5) Production from the most prolific shale regions are showing signs of slowing down.

6) US oil rigs count has fallen more than 60% since peaking in October 2014. This could impact the future production of oil negatively in the US

7) The oil crash has caused as much as US$200 billion worth of investment being deferred globally and caused more than 100,000 jobs being lost. With 1 new barrel of oil being discovered for every 2 barrels consumed, continued investment in exploration is necessary to keep oil price in check. With investment being deferred, we could possibly see demand outstripping supply in the next 2 -3 years.

However, several factors could damp any positive movements in the oil price, such as:

1) An increase in the interest rate by the Federal Reserve which will strengthen the US$ and thus, potentially putting a damper on the price of oil.

2) Many of the US producers have drilled thousands of wells but have not completed them, pending a more favourable price before completing and producing.

3) The improvement in technology and ingenuity in techniques which will lover the breakeven price for US shale oil  producers. This will allow them to achieve profitability even at the present price range.

4) A change in policy affecting the Middle East that puts and end to the conflict or Iran's meeting the UN guidelines pertaining to the inspection restriction currently placed on the UN inspectors.

5) A US ruling which allow US producers to export their light sweet crude. This will effectively push more oil into the global market and putting additional pressure on the price of oil. It is expected in this regard that the price war between US producers and OPEC will intensify.

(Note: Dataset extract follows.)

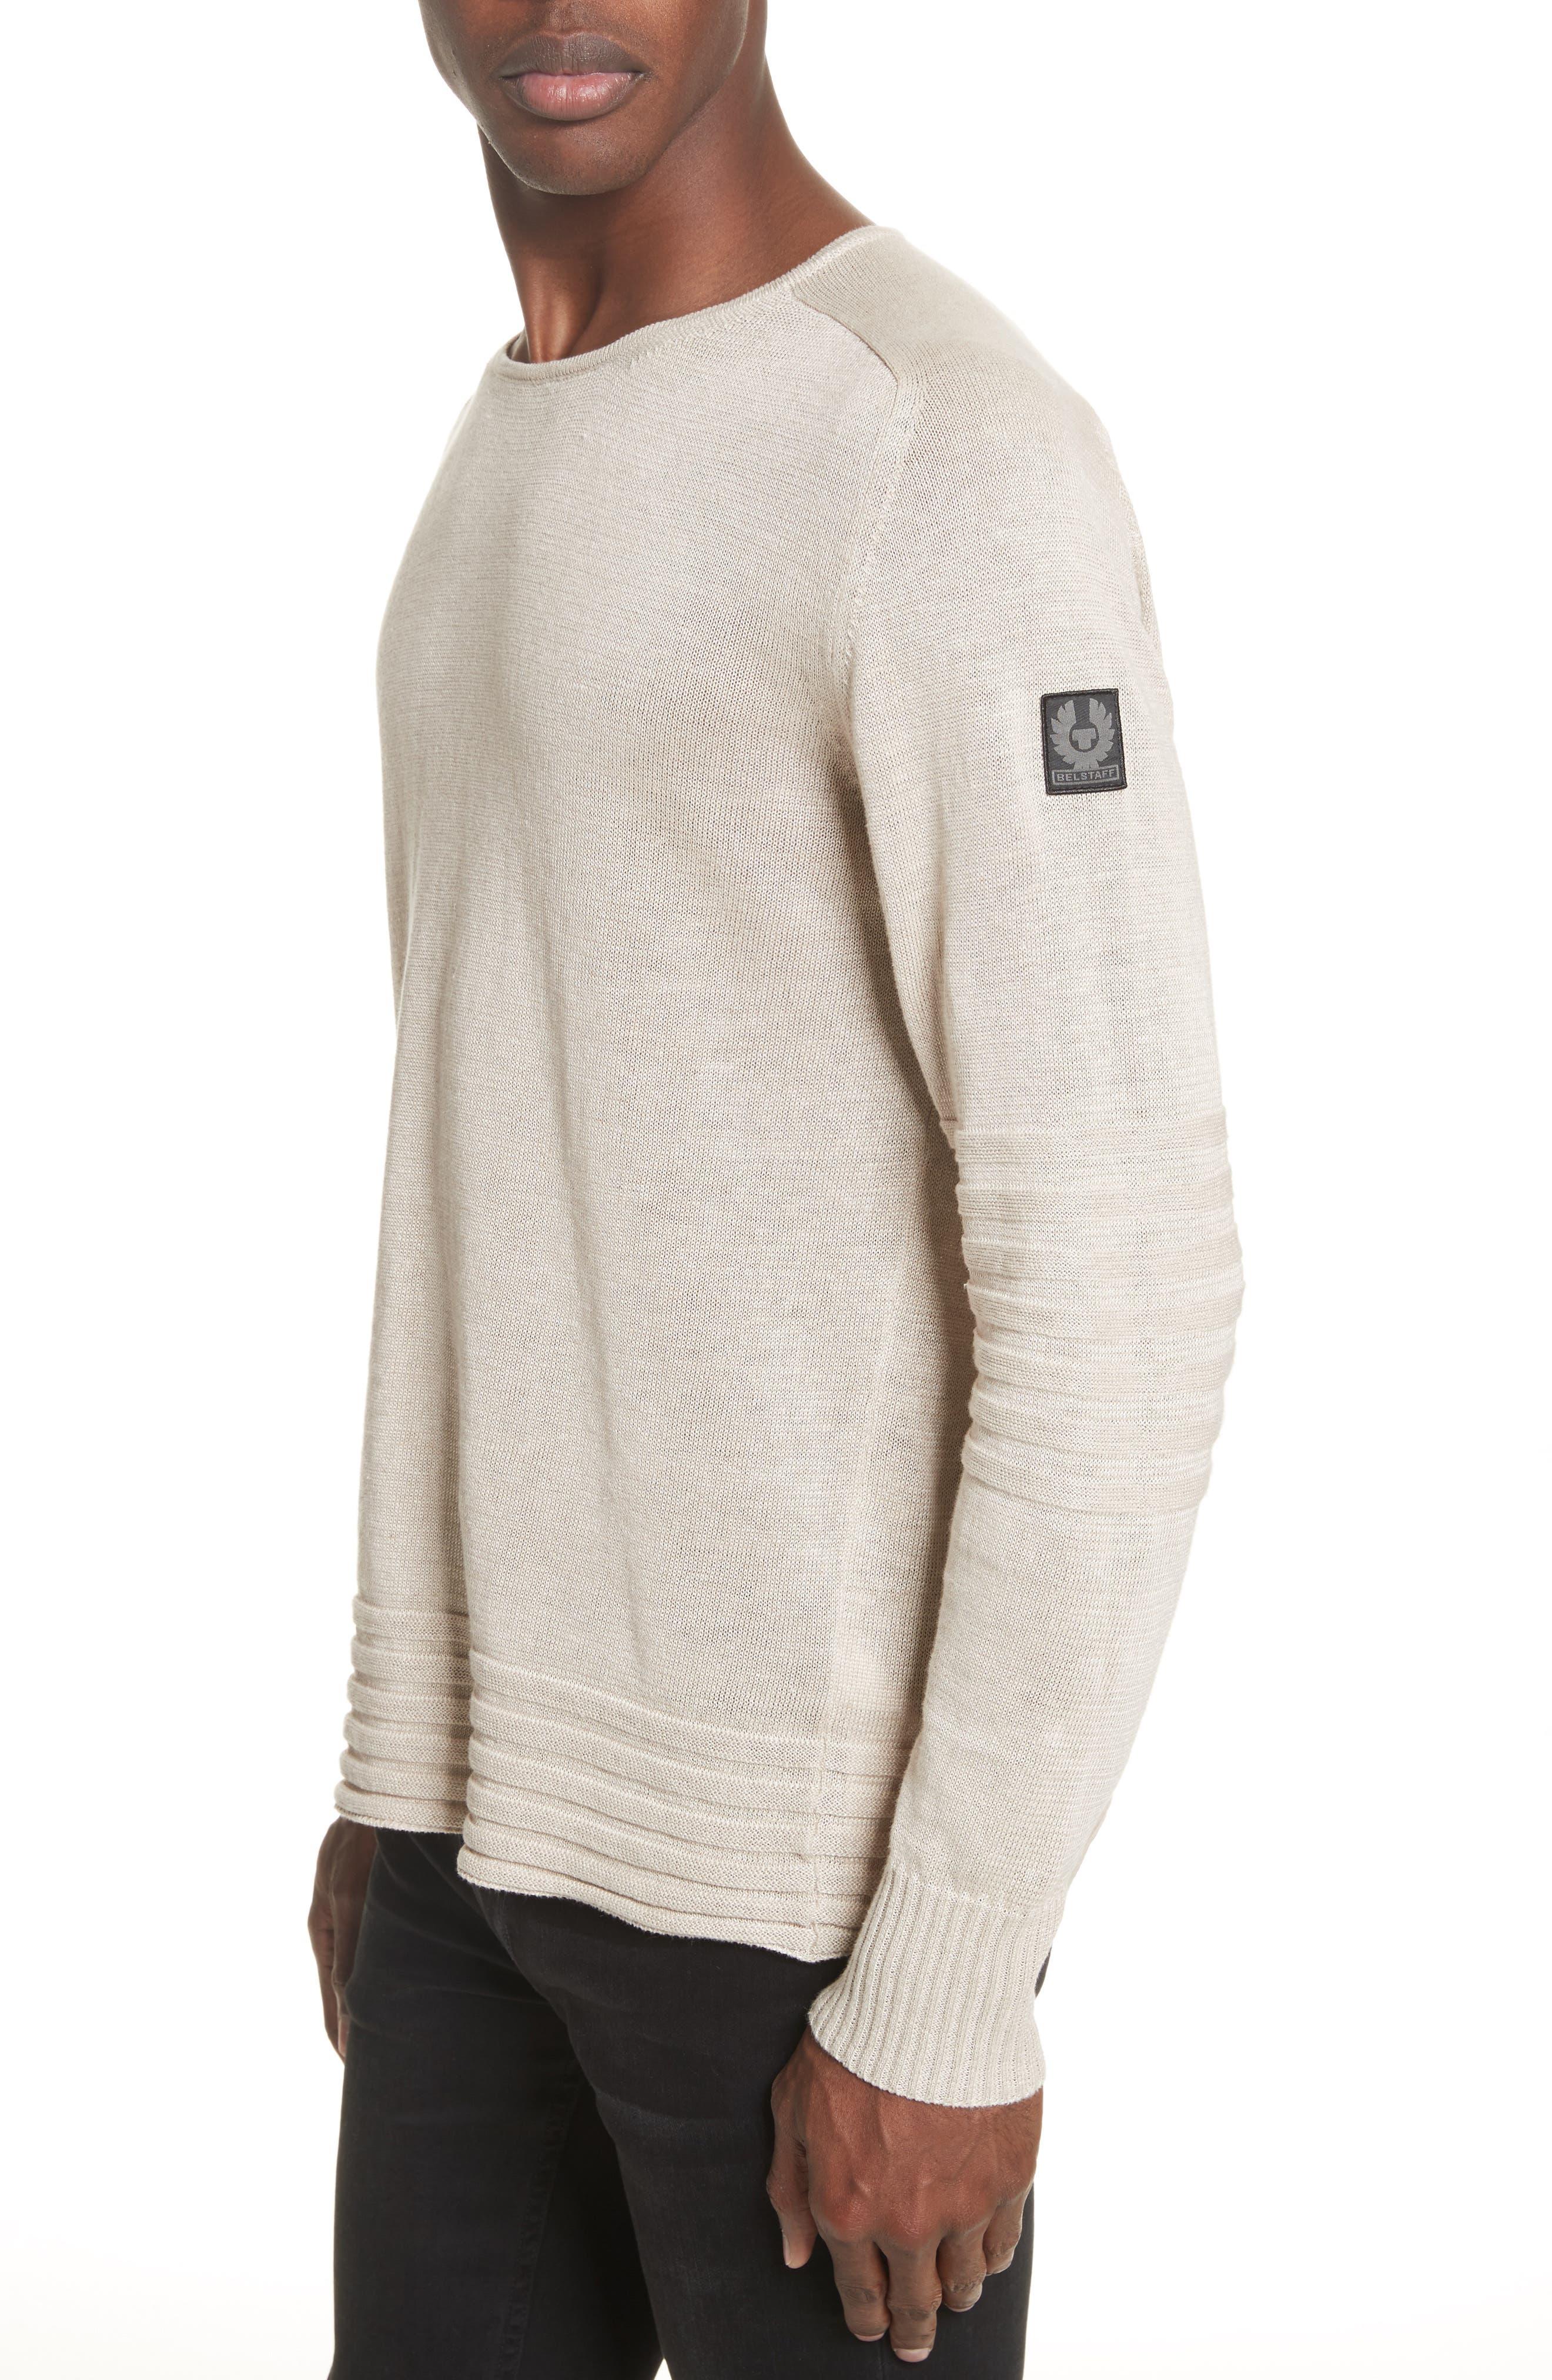 Exford Linen Crewneck Sweater,                             Alternate thumbnail 3, color,                             Light Sand

The is just my opinion. But having weighed in both the positive and negative factors, I think oil will likely to remain in the US$55 - US$65 in the next 6 months. The first signs of positive movement will be likely when substantial number of shale oil companies fail and file for bankruptcy. A rise in interest rate will also cut of funding from the debt market as the cost is likely to be high. Nevertheless, for successful shale oil companies which can survive at the current price range, I would expect them to ramp up production as soon as the price increases. So my personal estimate is that oil could only move marginally in Q1 2016, possibly, in the US$65 - US$70.